━━━ DATASET ━━━
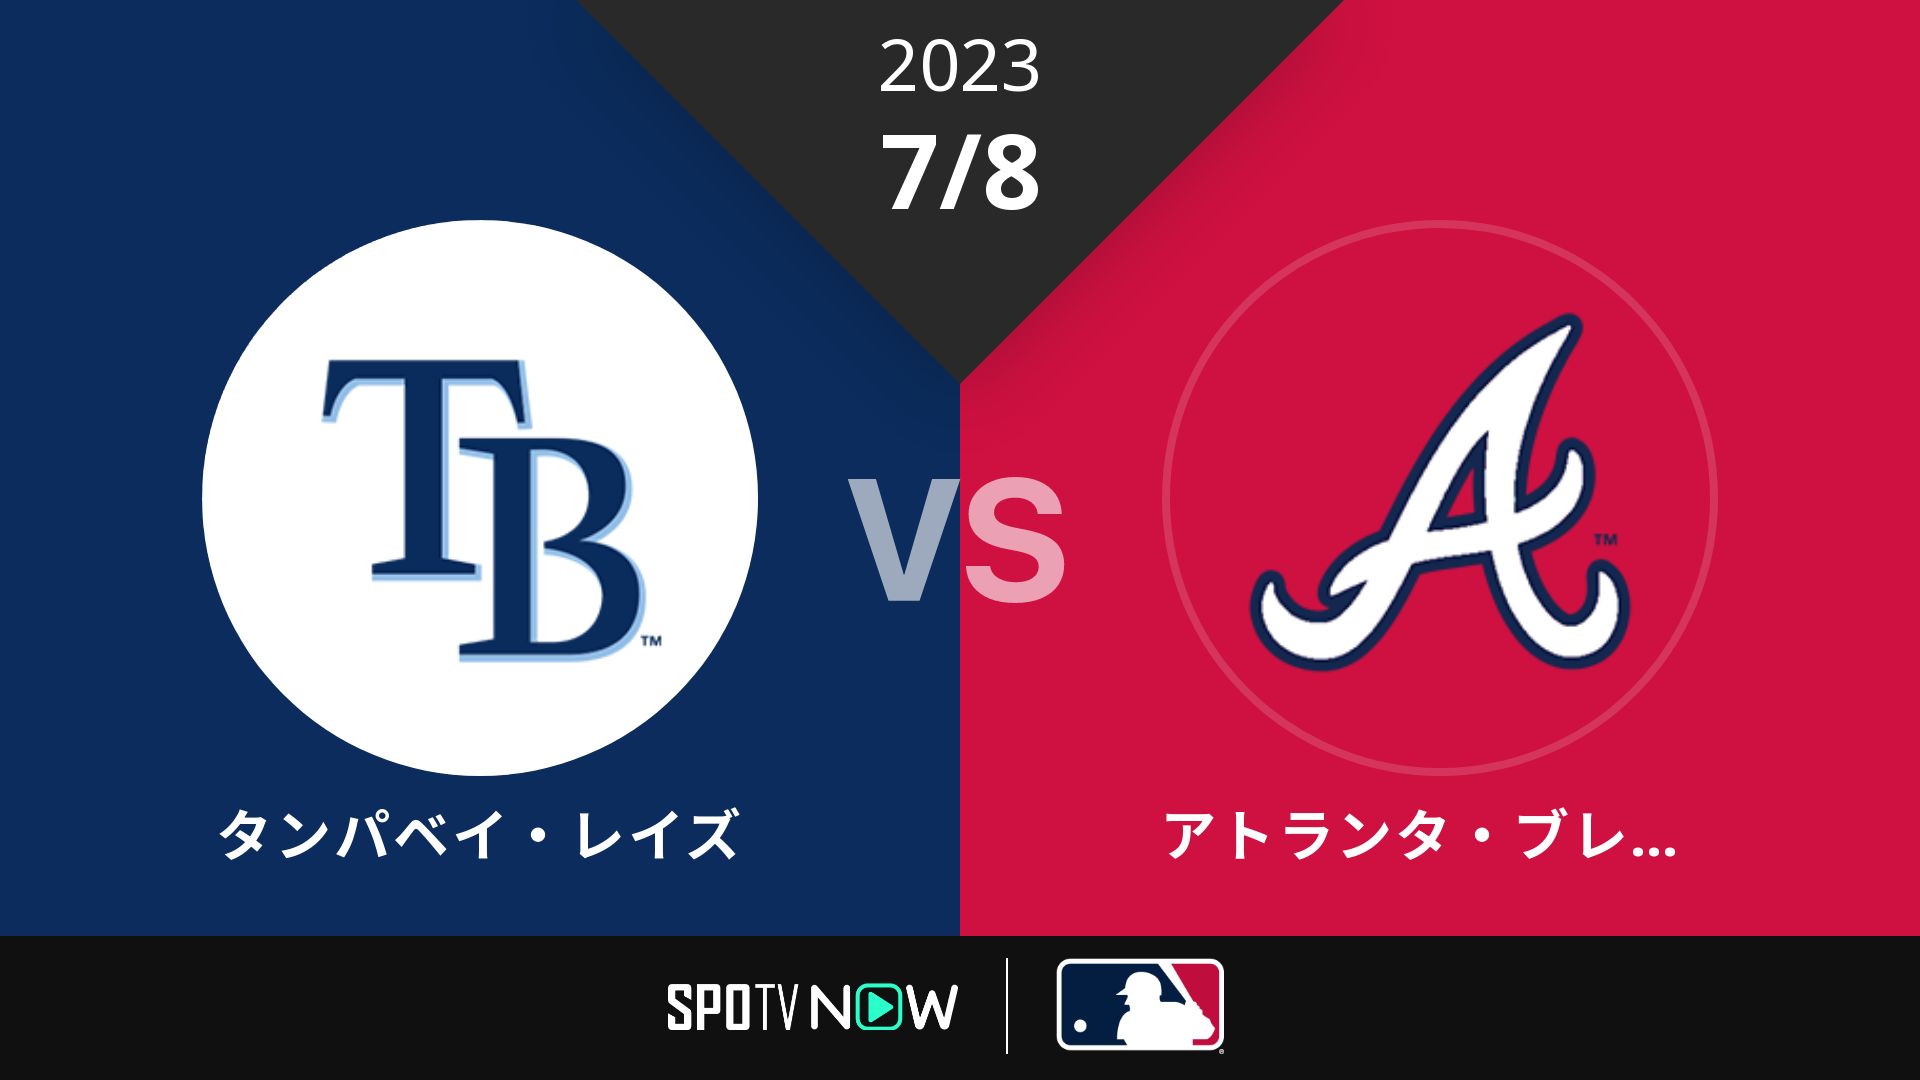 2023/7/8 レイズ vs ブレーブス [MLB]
━━━
━━━ DATASET ━━━
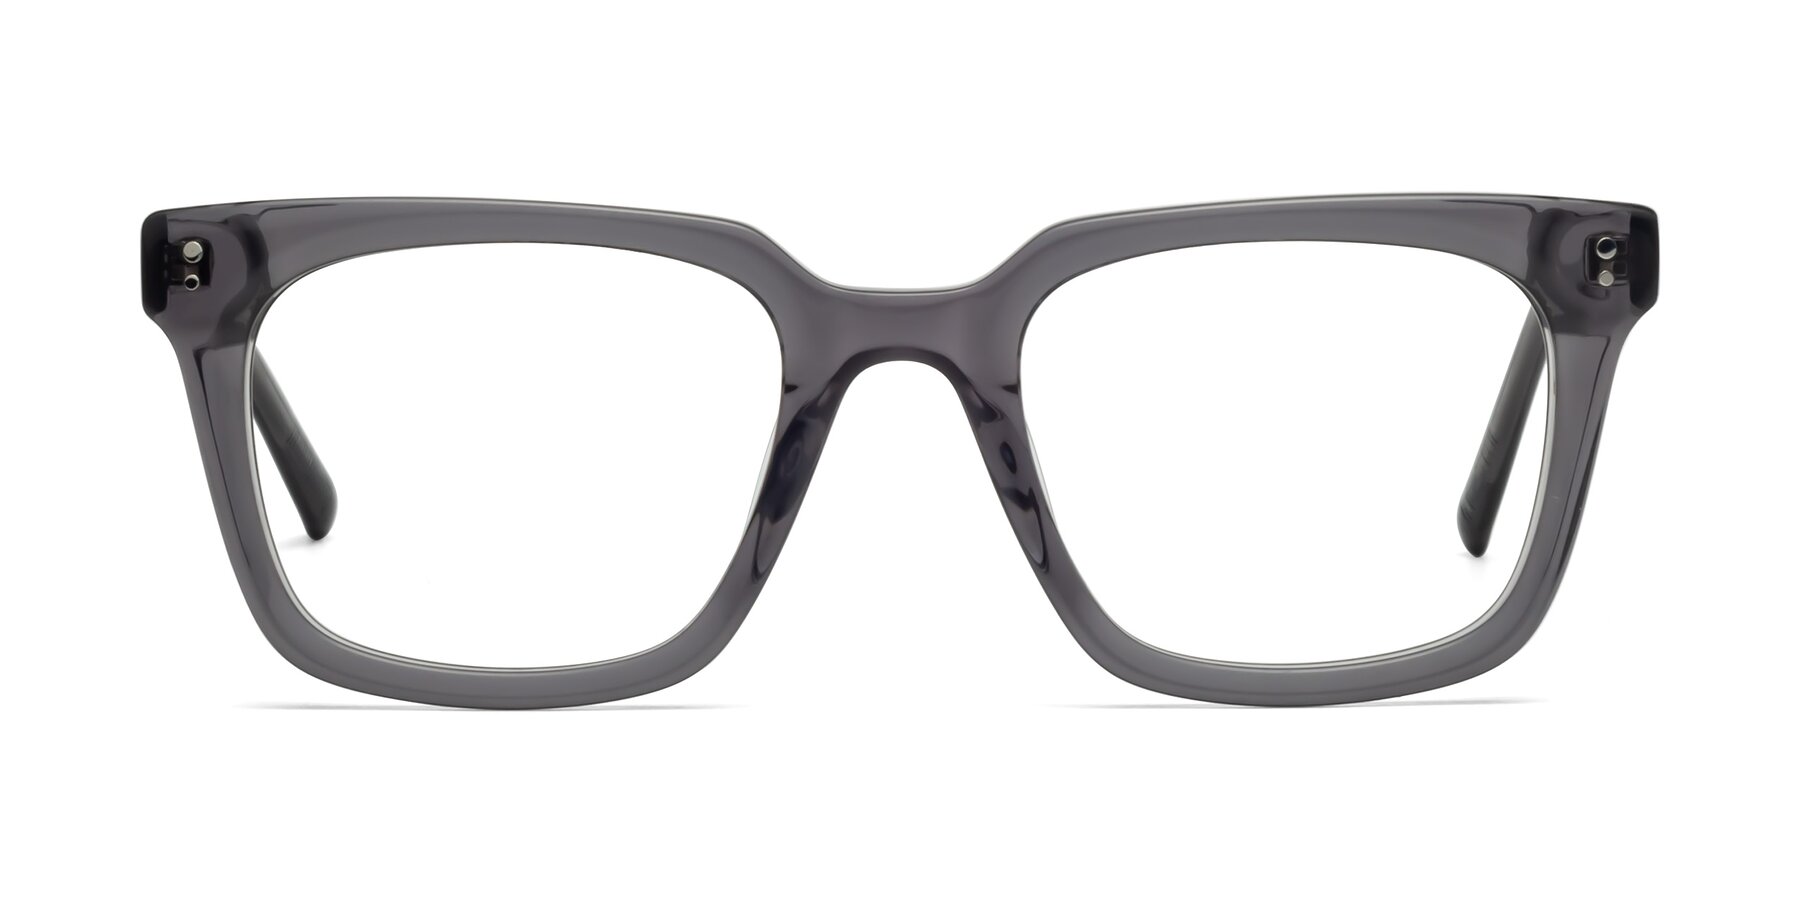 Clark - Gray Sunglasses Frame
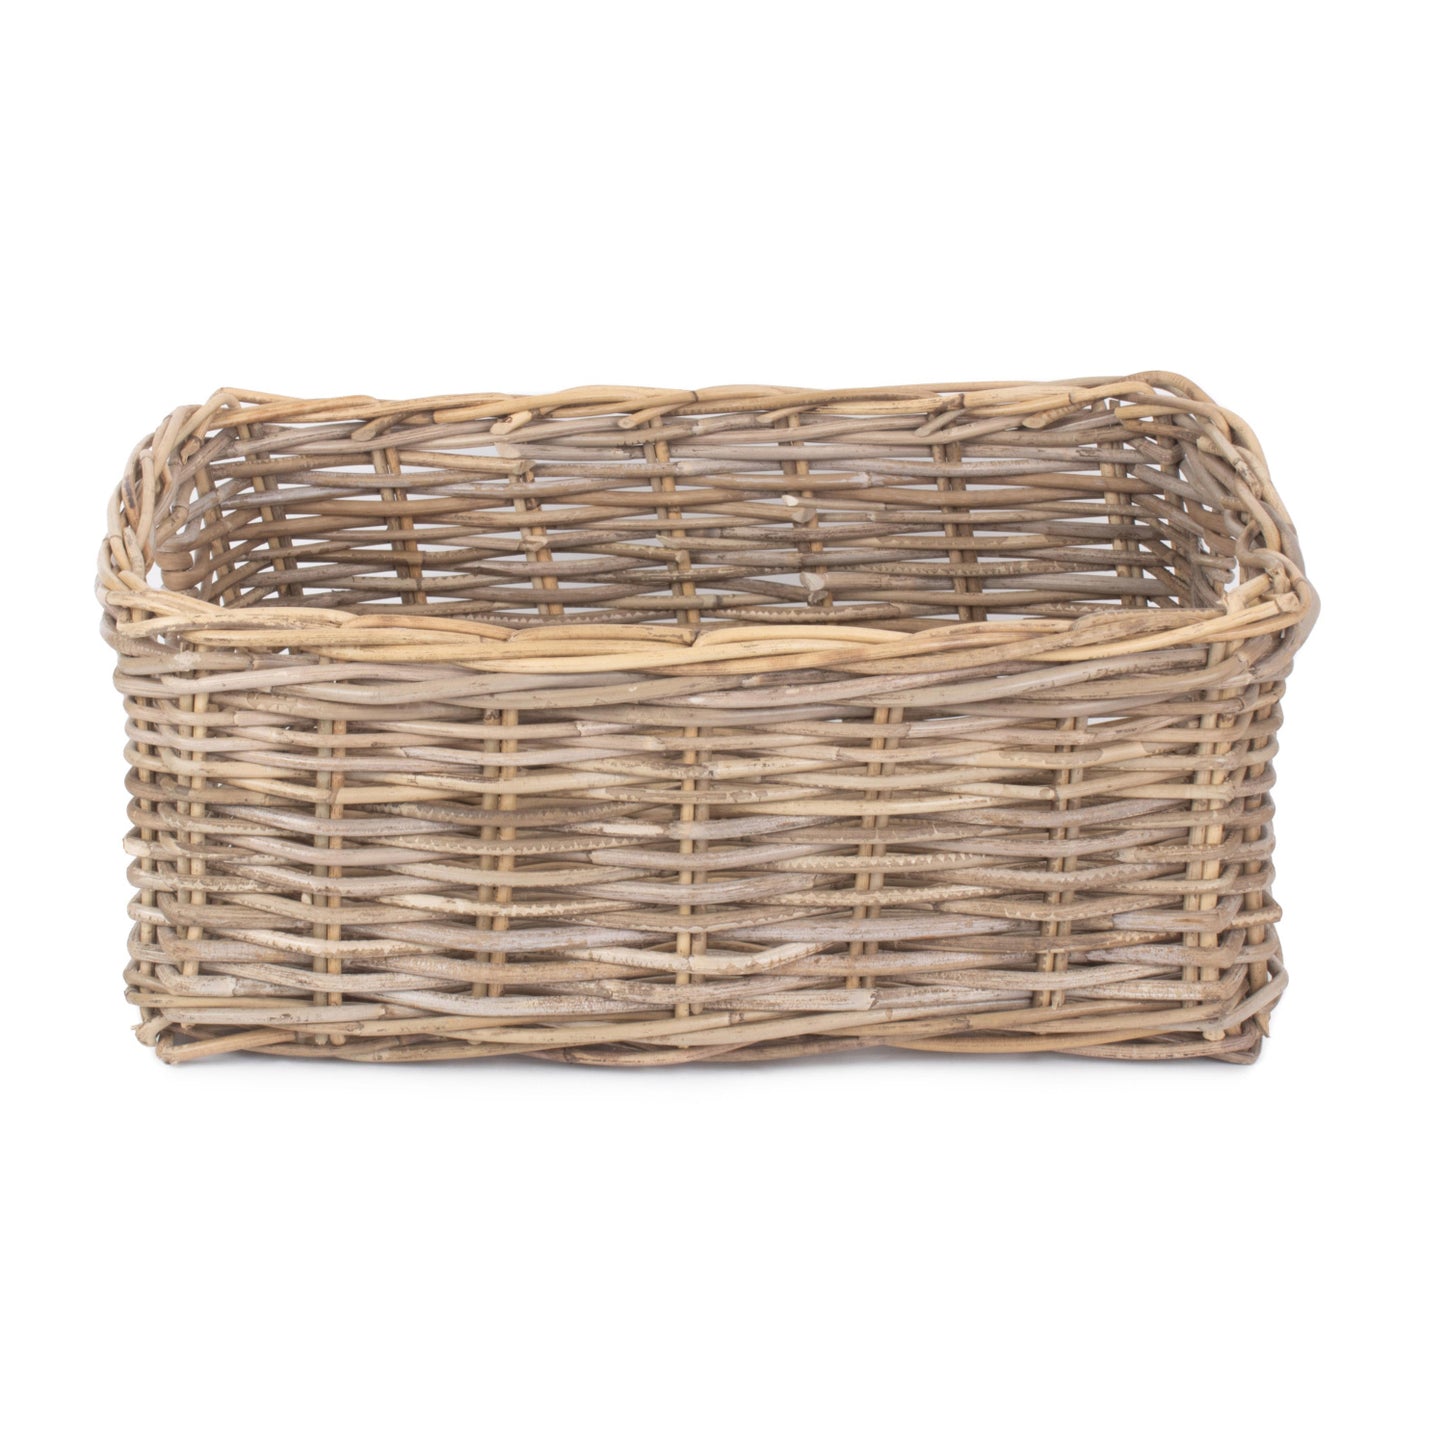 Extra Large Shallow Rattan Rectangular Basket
━━━
ABOUT THIS TASK:
Starting at the line above that has "Clark - Gray Sunglasses Frame" and ending at the line that has "Extra Large Shallow", copy each line exactly, leaving the pictures out and adding nothing.

RESULT BELOW:
 Clark - Gray Sunglasses Frame
 Extra Large Shallow Rattan Rectangular Basket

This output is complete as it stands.